I've multiple arrays about 100 possible values, ie:
a = (a, b, c, d) a = (a, e) a = (d, f, g)
I wish to FASTLY return which arrays consists of (a b) &lifier&lifier (d e)
within this example, and 1
I believed about bitwise procedures... like representing "abcd" by "1111" "ad" by "1001", and so forth. I Quickly could solve the "OR" with only a bitwise OR, after which see if both of them are non-zero
can anybody think on the better solution? that one is not very pratical because it does not appear to be really escalable
what are the DBMS that may do this rapidly?
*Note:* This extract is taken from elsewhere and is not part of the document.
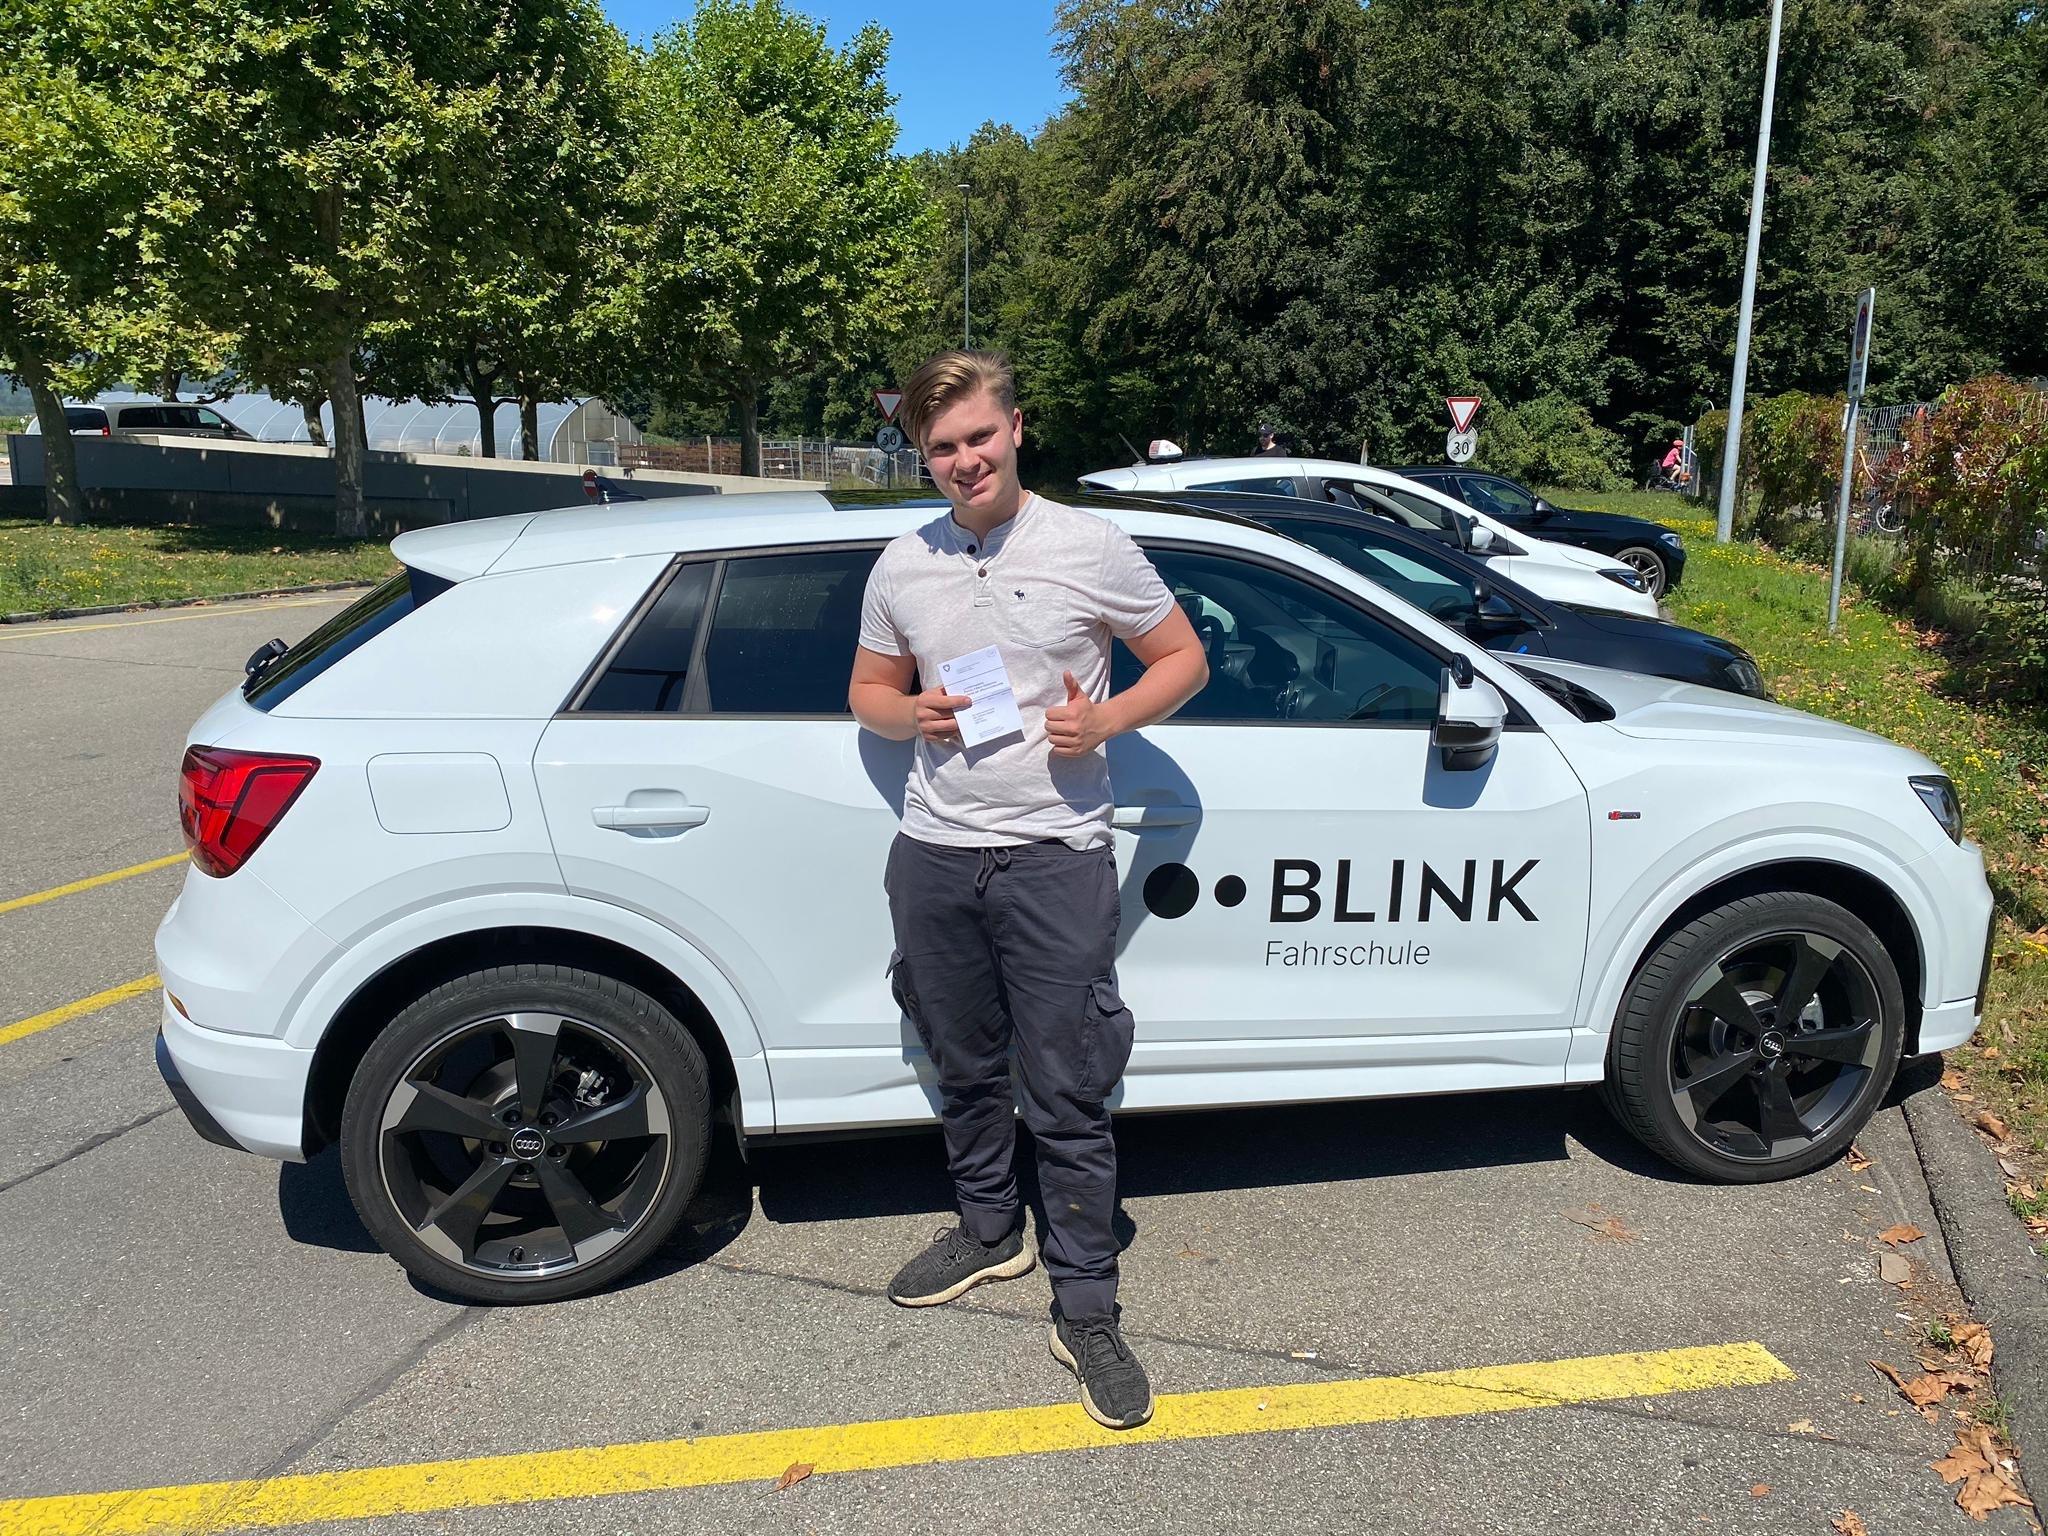 BLINK Fahrschule Aarau   Auto Fahrstunden, Motorrad Grundkurse, VKU

I attempted with mongodb, however it appears they did not add the "$and" function yet (doc states it's on version 1.9.1, however i are only able to download 1.9., and it is not stable anyway)
I guess this is a "boolean search", much like what the search engines do constantly... so I am speculating there's an easy method (not so quick, but more escalable) than that
Yes, a bitwise solution works quite nicely with this. Yes, some databases include this type of capacity, usually named a bitmapped column (or bitmapped index, depending). The typical advice is to use it to some column which has relatively low cardinality (i.e., a reasonably few possible values, for example sex).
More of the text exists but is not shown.